The primary use case of this script is to subset the NPOs whose Form 990 data you want to analyze.
There are MANY ways to choose the NPOs you want, including:

    - EIN (Unique Identifier of NPOs)
    - City
    - State
    - Classification Code(s)
    - Asset Amount
    - NATIONAL TAXONOMY OF EXEMPT ENTITIES (NTEE) - COMMON CODES 
    - NTEE - CORE CODES 
    - and more...

Subsetting based on any variables above is simple, as we will see in step 2

## **Step 1: Download list of ALL NPOs and Thier Attributes (Less than 0.5 GB)**

The IRS used to store data on NPOs and Form 990s on amazon aws based on my research

Now, the IRS stores information on NPOs and thier attributes in .csv files on their website here: **https://www.irs.gov/charities-non-profits/exempt-organizations-business-master-file-extract-eo-bmf**

On its website, the IRS splits the data by state.

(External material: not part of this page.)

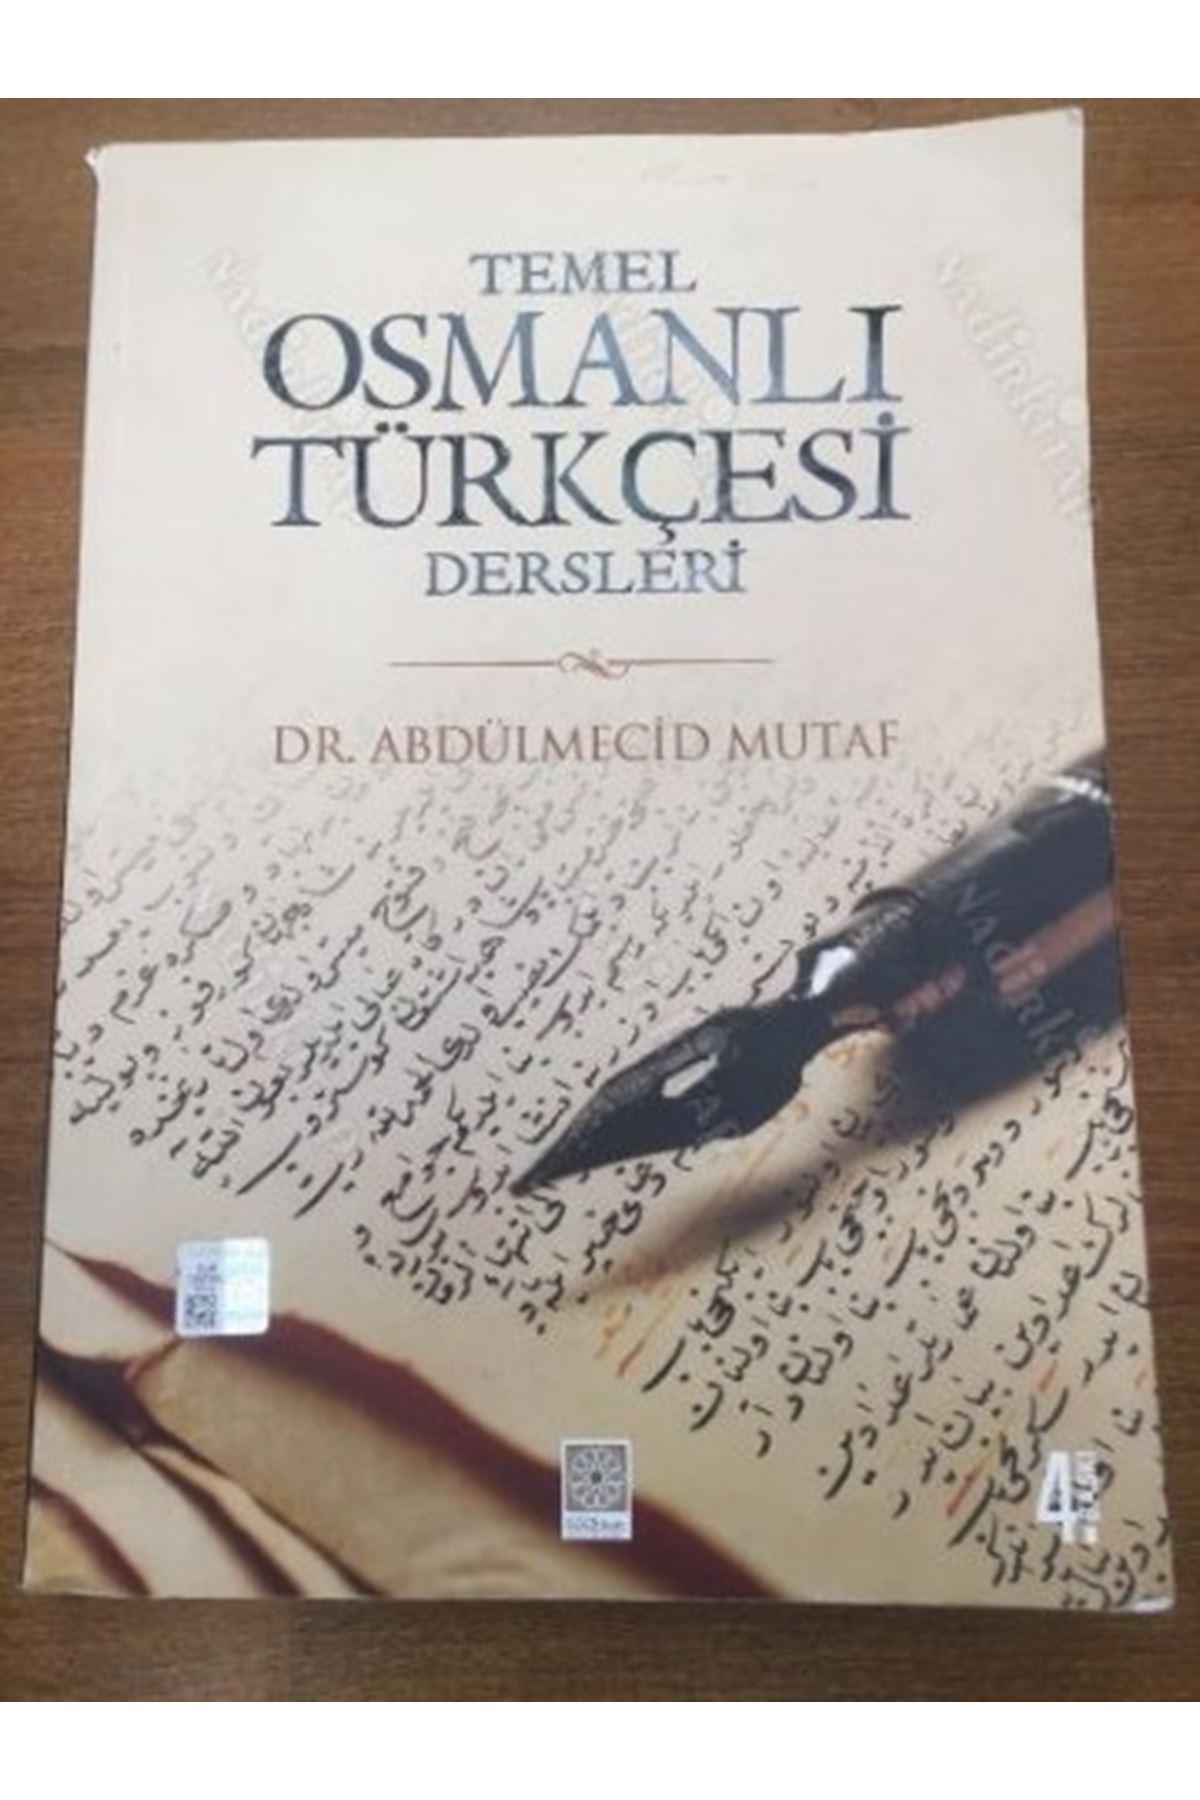 DR.ABDÜLMECİD MUTAF - TEMEL OSMANLI TÜRKÇESİ DERSLERİ
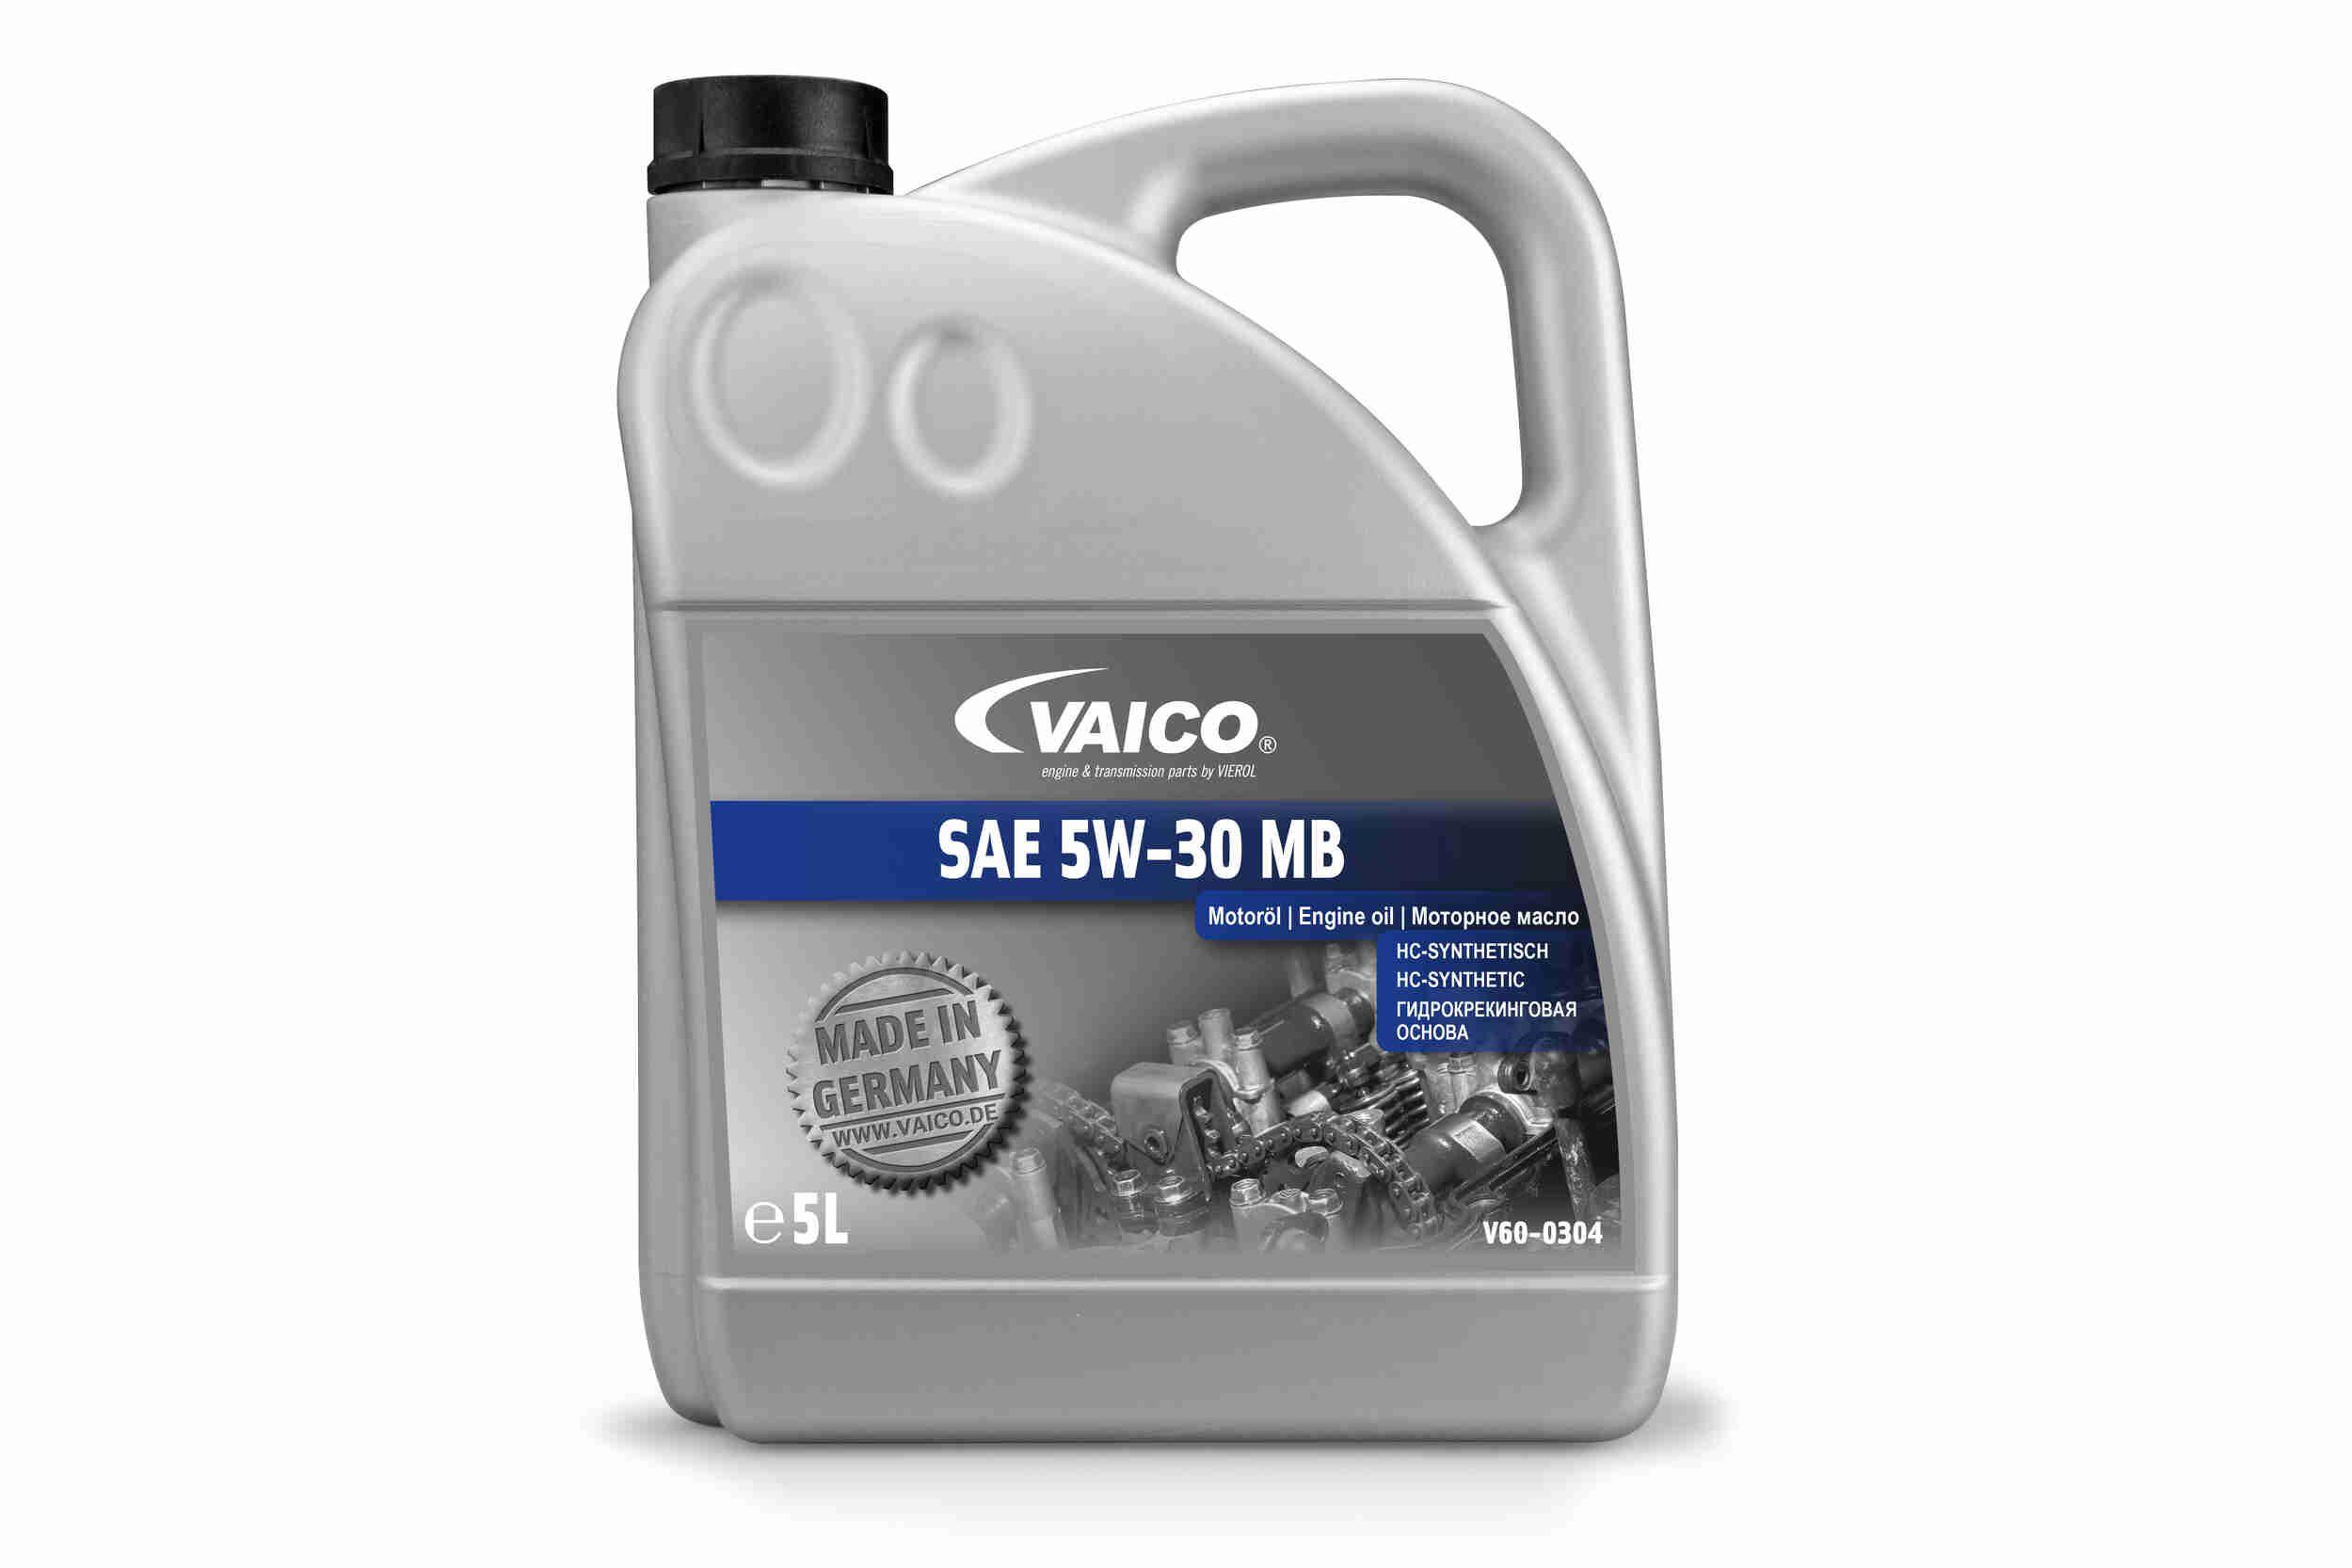 DR DR5 VAICO Olio motore V60-0304

It also splits the data by geographic regions:
    Northeast
    Mid-Atlantic and Great Lakes
    Gulf Coast and Pacific Coast
    International
    Puerto Rico

I assume we want to analyze NPOs across the United States, excluding Puerto Rico, so I load in **Northeast, Mid-Atlantic and Great Lakes, and Gulf Coast and Pacific Coast NPOs** regions below

In [6]:
import pandas as pd
import pydoc

# Paths to three files
file_paths = [
    "eo1.csv",
    "eo2.csv",
    "eo3.csv"
]

# Read all datasets into a list of DataFrames
dataframes = [pd.read_csv(file_path) for file_path in file_paths]

In [8]:
# # Append the datasets into a single DataFrame. variable names are the same in all of them.
combined_df = pd.concat(dataframes, ignore_index=True)
combined_df.head()

Unnamed: 0,EIN,NAME,ICO,STREET,CITY,STATE,ZIP,GROUP,SUBSECTION,AFFILIATION,...,ASSET_CD,INCOME_CD,FILING_REQ_CD,PF_FILING_REQ_CD,ACCT_PD,ASSET_AMT,INCOME_AMT,REVENUE_AMT,NTEE_CD,SORT_NAME
0,19818,PALMER SECOND BAPTIST CHURCH,,1050 THORNDIKE ST,PALMER,MA,01069-1507,3125,3,9,...,0,0,6,0,12,,,,,5662.0
1,29215,ST GEORGE CATHEDRAL,,523 E BROADWAY,SOUTH BOSTON,MA,02127-4415,2365,3,9,...,0,0,6,0,12,,,,,
2,587764,IGLESIA BETHESDA INC,,13 CUMMINGHAM ST,LOWELL,MA,01852-0000,0,3,3,...,0,0,6,0,12,,,,X21,
3,635913,MINISTERIO APOSTOLICO JESUCRISTO ES EL SENOR INC,,454 ESSEX ST,LAWRENCE,MA,01840-1242,0,3,3,...,0,0,6,0,12,,,,X21,
4,765634,MERCY CHAPEL INTERNATIONAL,,75 MORTON VILLAGE DR APT 408,MATTAPAN,MA,02126-2433,0,3,3,...,0,0,6,0,12,,,,X20,


## Step 2: **Subset and Export Your NPO EINs**
We just loaded in all NPOs within the United States as of present day, as well as their attributes. The dataset looks scary, but thankfully, the IRS has a handy data dictionary found here: **https://www.irs.gov/pub/irs-soi/eo-info.pdf**

Say we only care about NPOs that satisfy two conditions:
    - They are in **New York** (East Coast Best Coast)
    - Their NTEE_CD is **P32**, indicating the NPO is a Human Services NPO focused on Foster Care (See data dictionary link above).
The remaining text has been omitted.